NTT Communication Science Laboratories, NTT Corporation, Seika-cho, Kyoto, 619-0237, Japan.
Neural Comput. 2013 May;25(5):1324-70. doi: 10.1162/NECO_a_00442.
Divergence estimators based on direct approximation of density ratios without going through separate approximation of numerator and denominator densities have been successfully applied to machine learning tasks that involve distribution comparison such as outlier detection, transfer learning, and two-sample homogeneity test. However, since density-ratio functions often possess high fluctuation, divergence estimation is a challenging task in practice. In this letter, we use relative divergences for distribution comparison, which involves approximation of relative density ratios.
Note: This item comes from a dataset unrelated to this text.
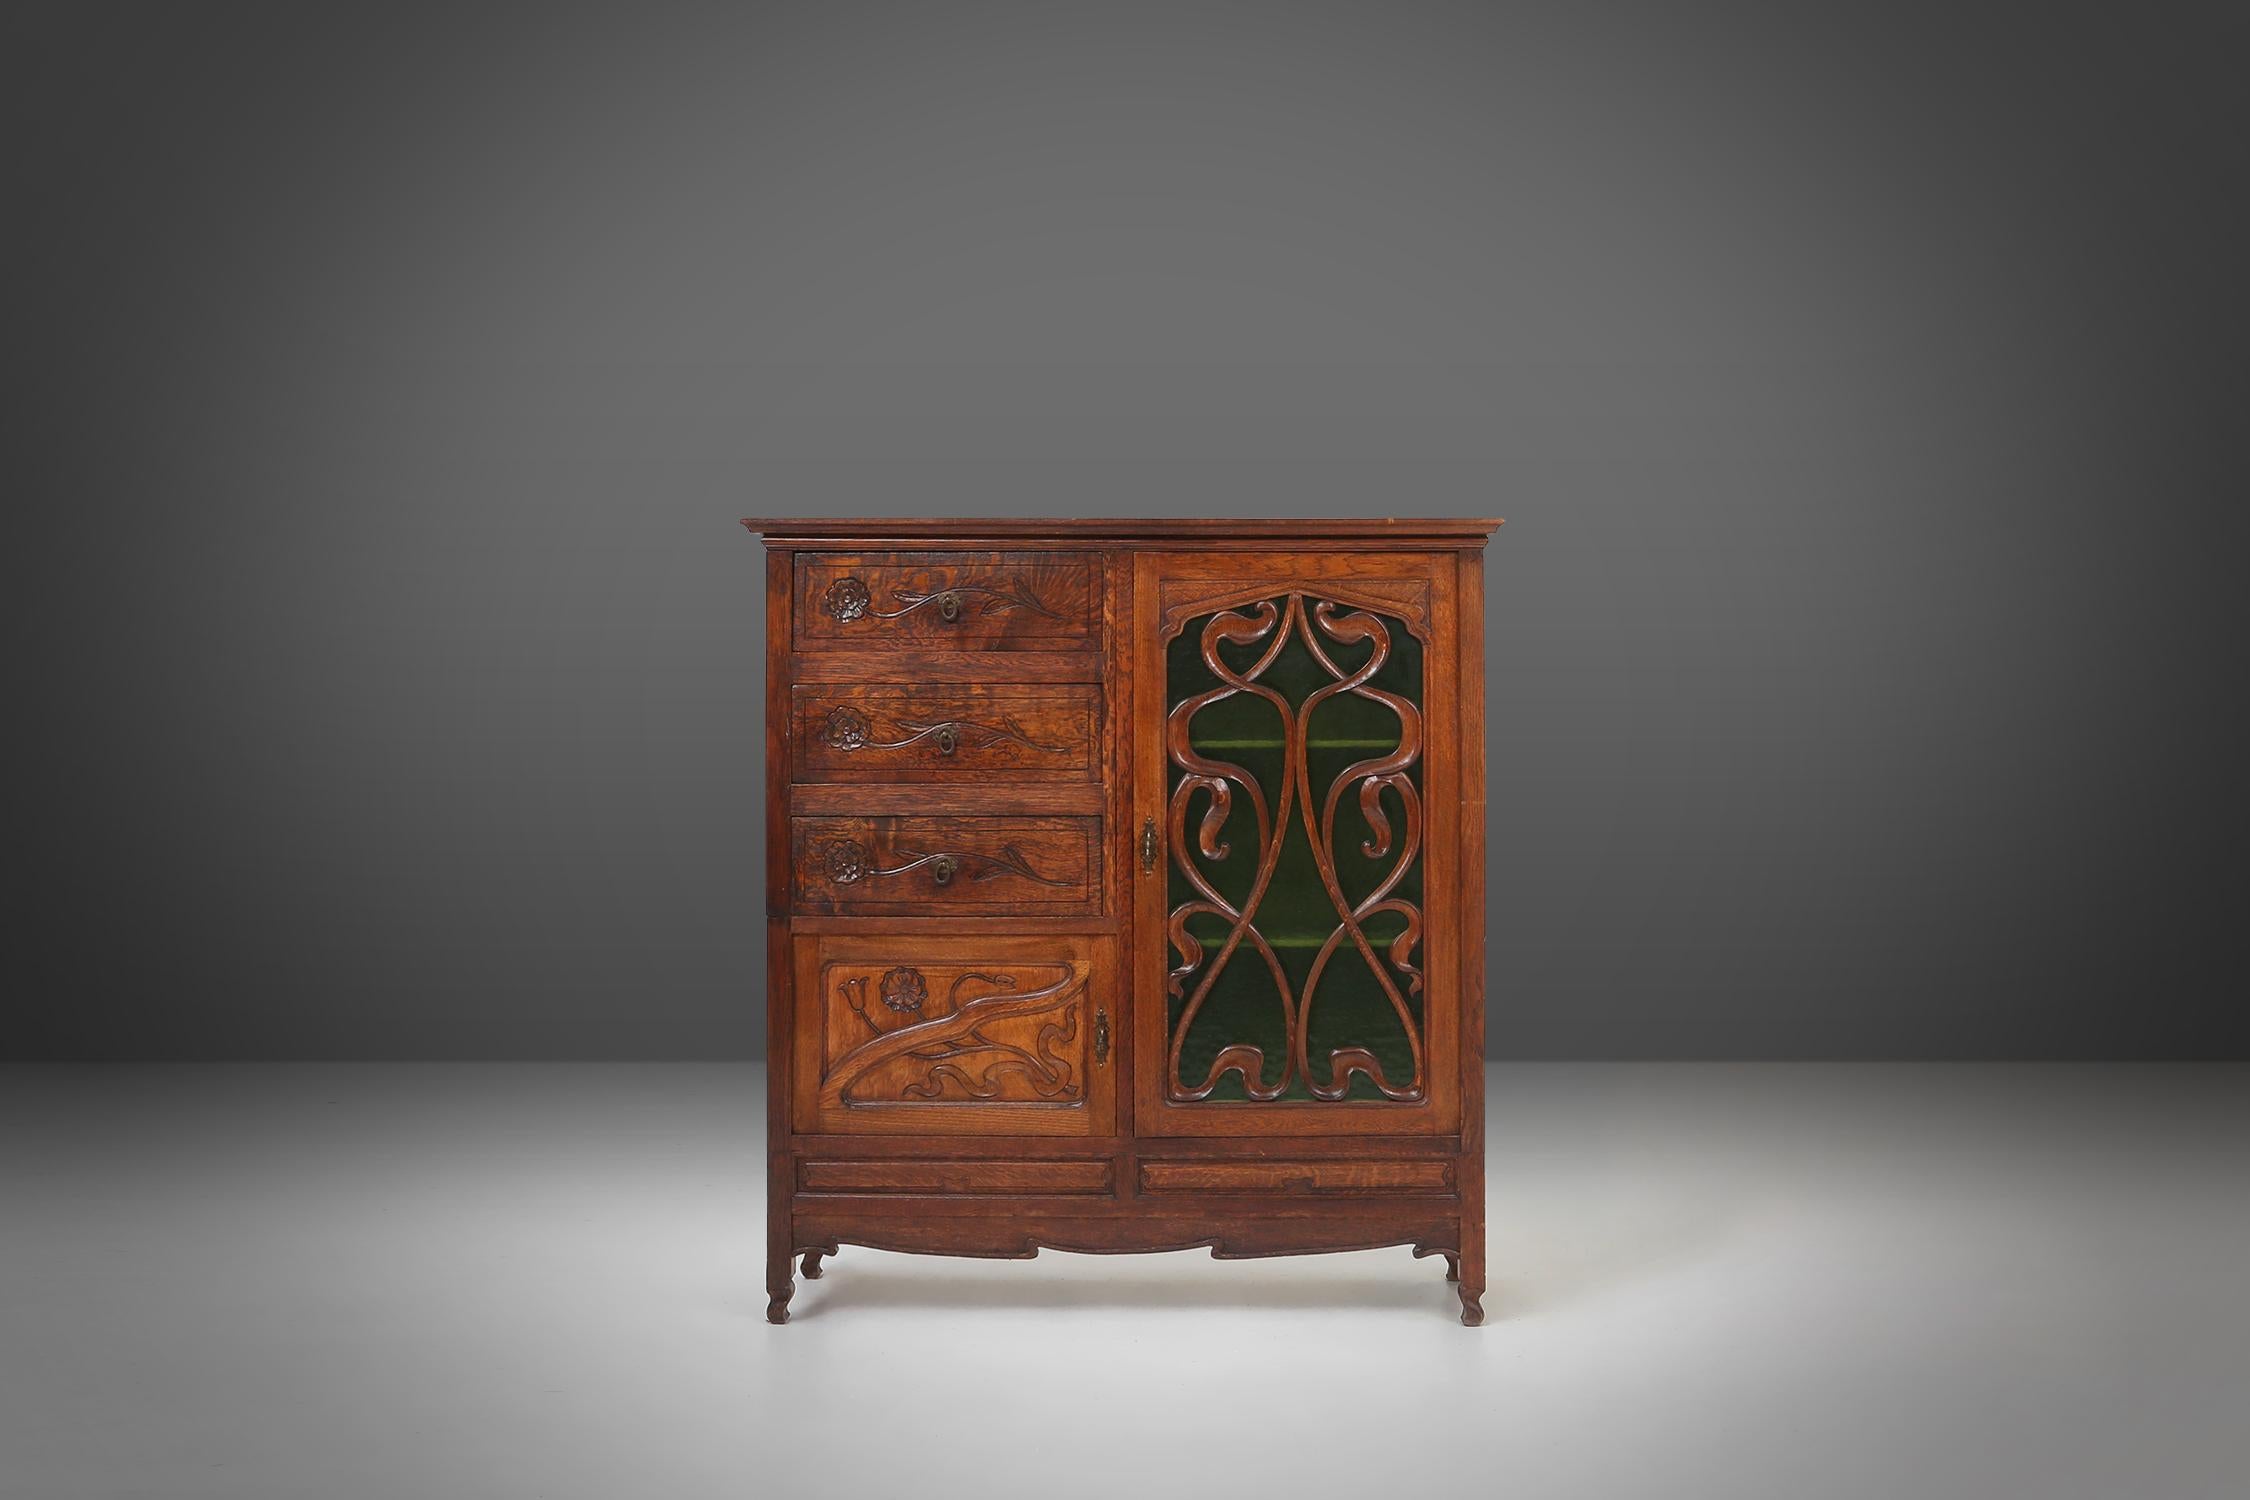 France / 1910 / cabinet / oak and green glass / Art Nouveau

Remarkable French cabinet with typical art nouveau floral decoration and green glass door. The cabinet distinguishes itself with striking design and rich luxurious carved decoration in

Since relative density ratios are always smoother than corresponding ordinary density ratios, our proposed method is favorable in terms of nonparametric convergence speed. Furthermore, we show that the proposed divergence estimator has asymptotic variance independent of the model complexity under a parametric setup, implying that the proposed estimator hardly overfits even with complex models. Through experiments, we demonstrate the usefulness of the proposed approach.
基于直接逼近密度比而无需分别逼近分子和分母密度的散度估计器已成功应用于涉及分布比较的机器学习任务,例如异常值检测、迁移学习和两样本同质性检验。然而,由于密度比函数通常具有较高的波动性,因此在实践中进行散度估计是一项具有挑战性的任务。在本信函中,我们使用相对散度进行分布比较,这涉及相对密度比的逼近。由于相对密度比总是比相应的普通密度比更平滑,因此我们提出的方法在非参数收敛速度方面具有优势。此外,我们表明,在参数设置下,所提出的散度估计器具有与模型复杂度无关的渐近方差,这意味着即使使用复杂的模型,该估计器也几乎不会过度拟合。通过实验,我们证明了所提出方法的有用性。